Круг был общепринятым символом бесконечности, вечности. Пенелопа вдруг отчетливо поняла, что если ее жизнь представляет собой ту тщательно выписанную карандашную линию, то очень скоро оба ее конца сомкнутся. Я совершила полный круг, сказала она себе и стала размышлять о том, на что ушли все эти годы. Этот вопрос время от времени беспокоил ее, вселяя в душу страх, что все отпущенное ей время пропало даром. Но теперь он уже не казался важным, а если и был на него ответ, то он больше не имел для нее никакого значения.
— Оливия?
— Мамочка! Какой приятный сюрприз.
— Я вдруг вспомнила, что не поздравила тебя с праздником Пасхи. Извини, может быть, еще не поздно. Правда, я не особенно надеялась, что застану тебя дома. Думала, ты все еще отдыхаешь.
— Я приехала только сегодня вечером. Была на острове Уайт.
— А у кого ты была в гостях?
— У Блейкисонов. Ты помнишь Шарлотту? Она когда-то вела раздел кулинарии в нашем журнале, но потом ушла от нас, решив посвятить себя семье.
— Ты хорошо провела праздники?
— Божественно. У них всегда очень весело. Полон дом гостей. И все идет как по маслу без видимых усилий.
— А тот симпатичный американец тоже был с тобой?
— Какой американец? А, Хэнк. Нет, он сейчас в Штатах.
— Мне показалось, он необыкновенно милый человек.
— Да, ты права, он очень мил. Он собирался позвонить, когда снова приедет в Лондон. А теперь лучше расскажи о себе. Как у вас дела?
— У нас все превосходно. Купаемся в роскоши.
— Тебе давно пора пожить в свое удовольствие после стольких мытарств. Я получила от Антонии длинное письмо. Мне показалось, она безумно счастлива.
— Они с Данусом уехали сегодня с самого утра и еще не вернулись. Поехали на южное побережье к его приятелю, у которого овощеводческая ферма. Я жду их с минуты на минуту.
— Как ведет себя Данус?
— Очень хорошо.
— Он все так же тебе нравится?
— Да. Даже больше, чем прежде. Но я никогда не встречала такого скрытного человека. Может быть, это как-то связано с тем, что он шотландец.
— Он не рассказывал тебе, почему не пьет и не садится за руль?
— Нет.
— Должно быть, он излечившийся алкоголик.
— Даже если и так, это его личное дело.
— Расскажи, как вы проводите время. Ты уже виделась с Дорис?
— Конечно. Она живет прекрасно.

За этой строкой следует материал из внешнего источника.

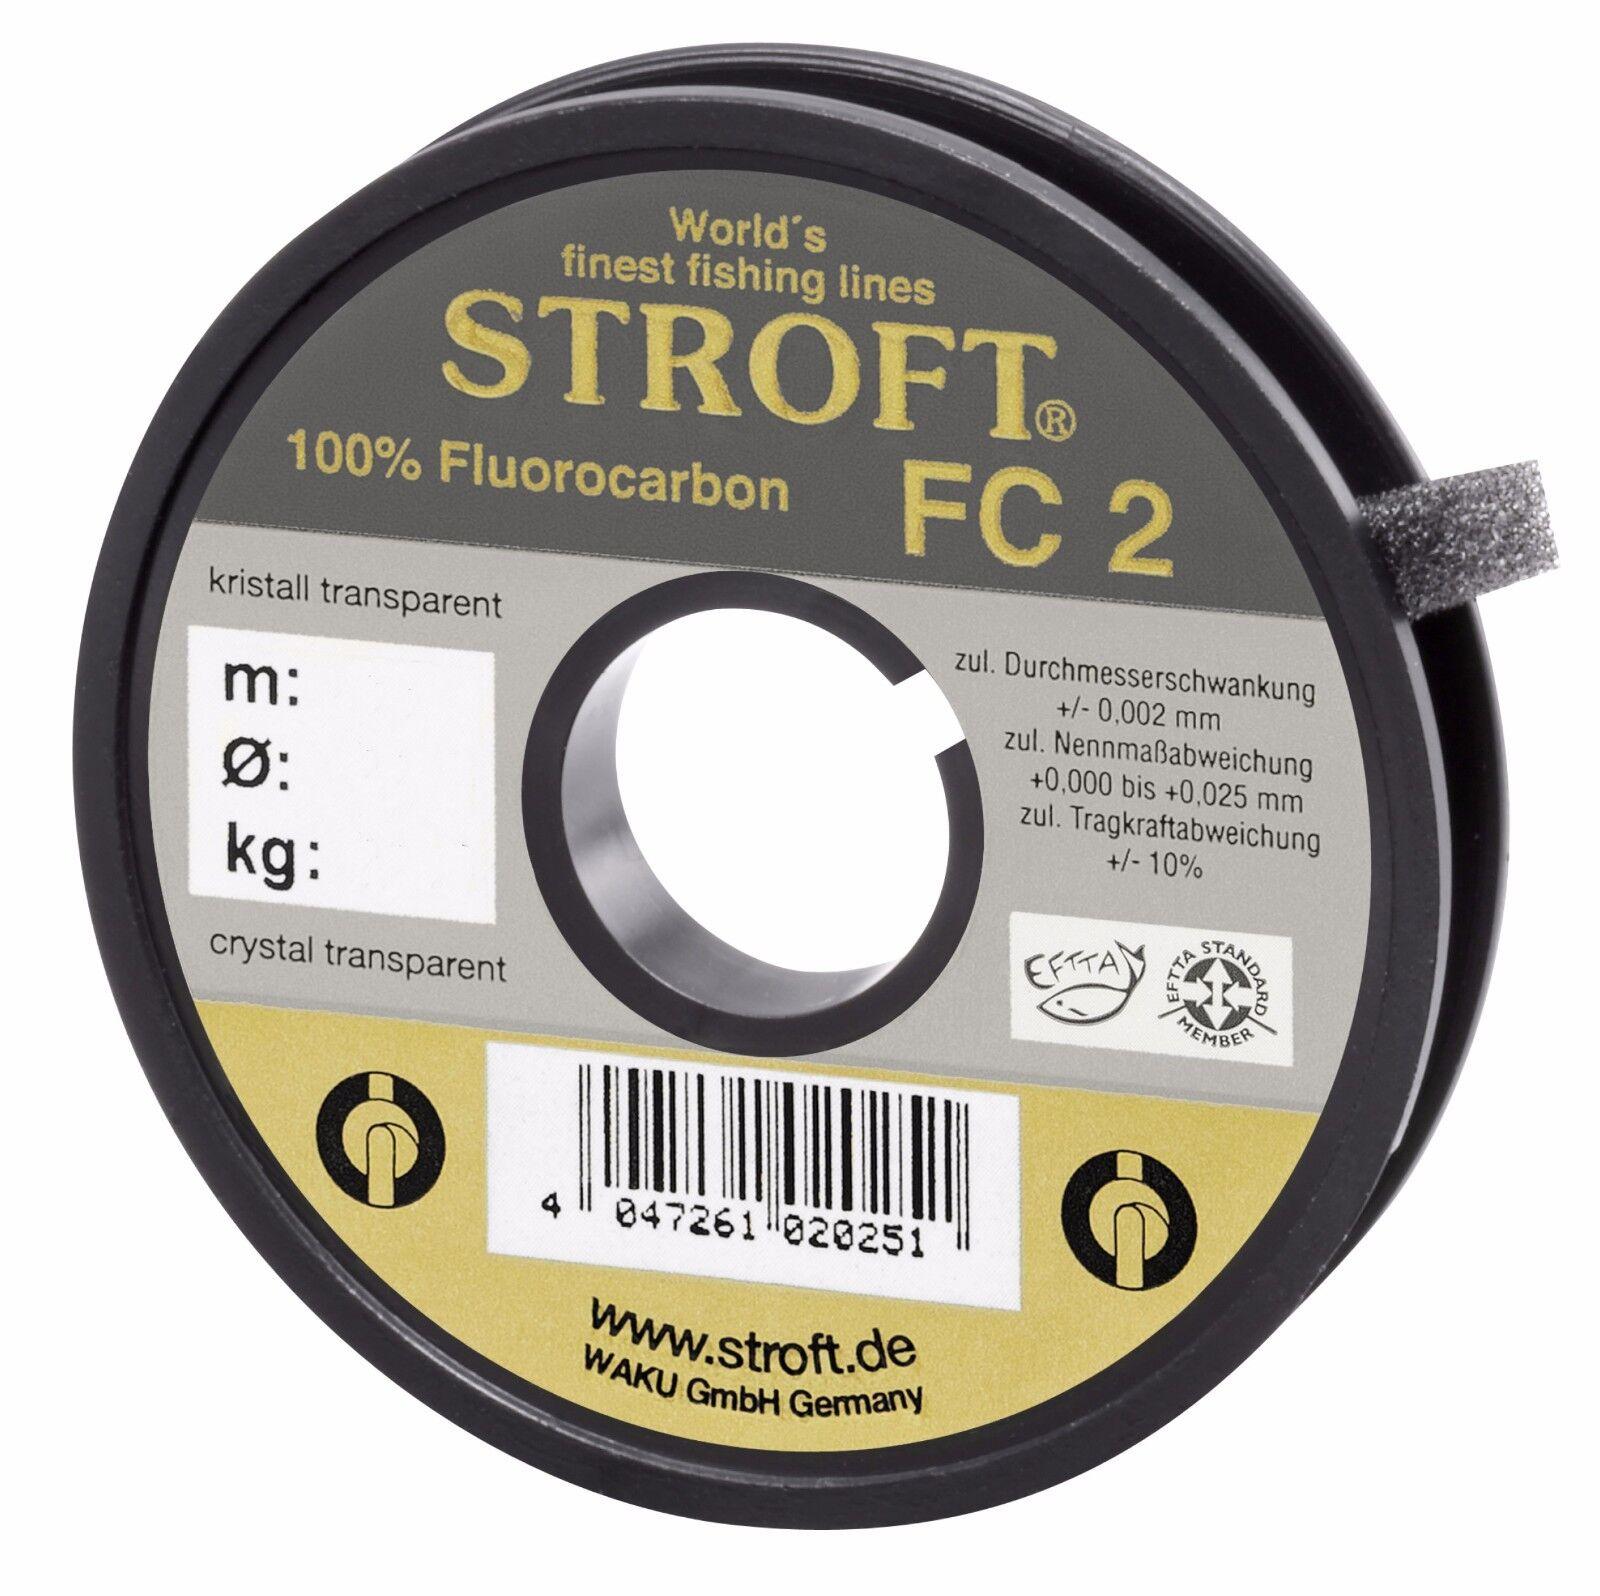 Angelschnur STROFT FC2 FluGoldcarbon Vorfach Tippet Schnur 25m 50m 100m Spulen FC  | Bekannt für seine schöne Qualität

Все такая же веселая и жизнерадостная. В субботу мы целый день провели на обрыве возле Пенджизала. А вчера утром исполнились благочестия и все вместе пошли в церковь.
— Ну и как служба?
— Служба прекрасная. Местная церковь особенно красива, и, конечно, было очень много цветов и масса людей в необыкновенных шляпах, а музыка и пение просто восхитительны. Проповедь читал довольно занудный заезжий епископ, но прекрасная музыка компенсировала скуку от его проповеди. А в самом конце был крестный ход, и все мы стоя пели гимн «Святые, что отдыхают от трудов своих…». Возвращаясь домой, мы с Антонией сошлись на том, что это один из самых любимых наших гимнов.
Оливия засмеялась:
— Ну ты даешь, мамуля. Услышать такое от тебя! Мне бы никогда и в голову не пришло, что у тебя есть любимый гимн.

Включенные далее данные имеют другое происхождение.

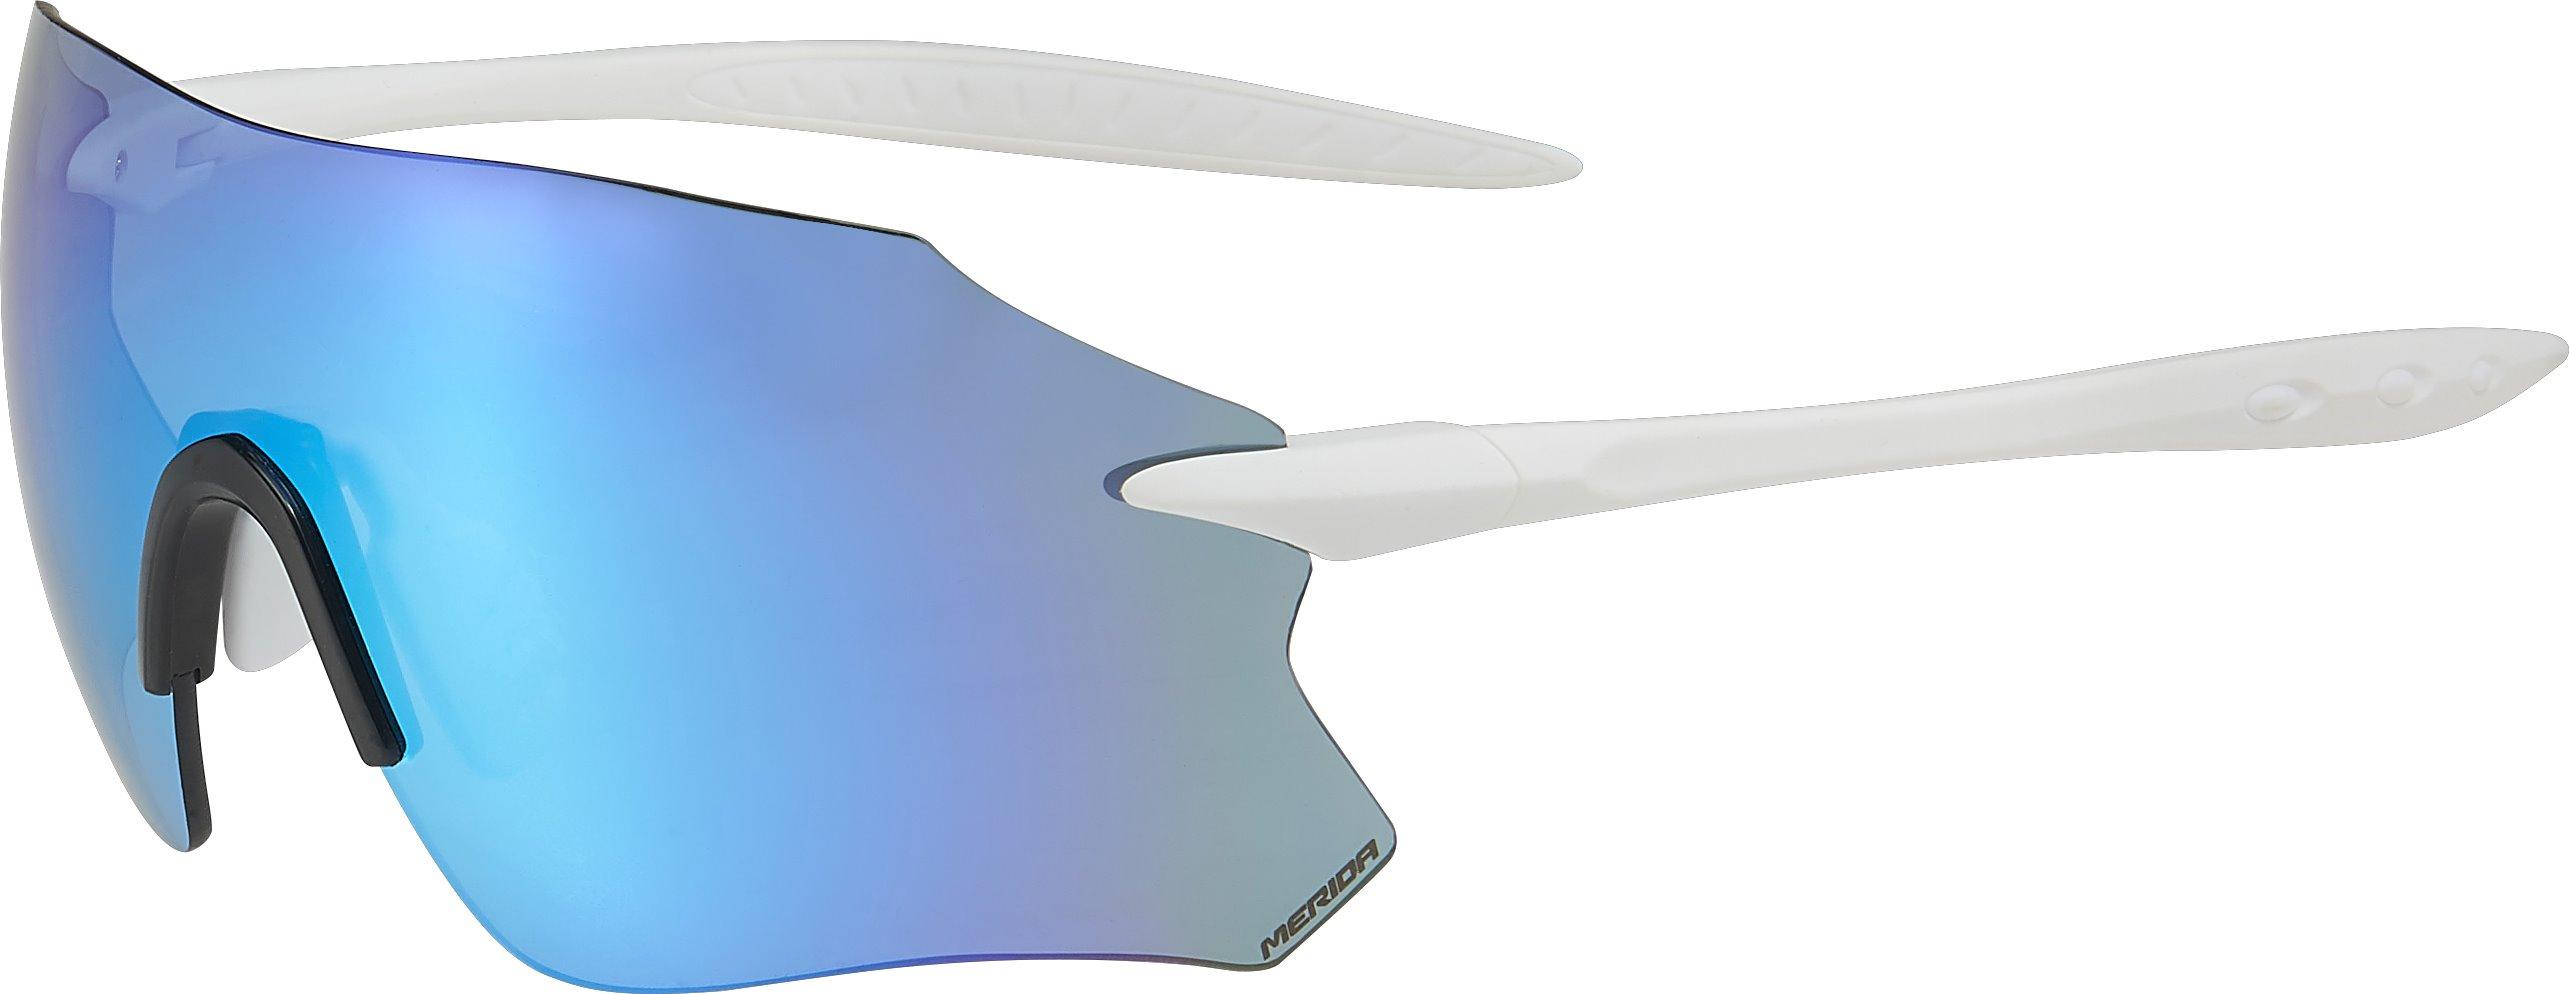 MERIDA - Brýle FRAMELLES 3 bílá/modrá

— Видишь ли, дорогая, я никогда не была законченной атеисткой. Да, я воспринимала религию с известной долей скептицизма, но Пасха, с ее Воскресением и обещанием загробной жизни, никогда не оставляла меня равнодушной. Я все-таки никогда не смогу до конца в это поверить. И, хотя с удовольствием встретилась бы Там с Софи и папа́, со многими людьми мне бы встречаться не хотелось. Вообрази себе, какое должно быть там скопление народа. Как на грандиозном и очень скучном приеме, где все время уходит на то, чтобы отыскать в толпе приятных тебе людей.
— А как «Собиратели ракушек»? Ты уже видела картину?
— Отлично. Она пришлась к месту. Как будто висела там с самого начала.
— Ты не жалеешь, что рассталась с ней?
— Ни капельки.
— А что ты делаешь сейчас?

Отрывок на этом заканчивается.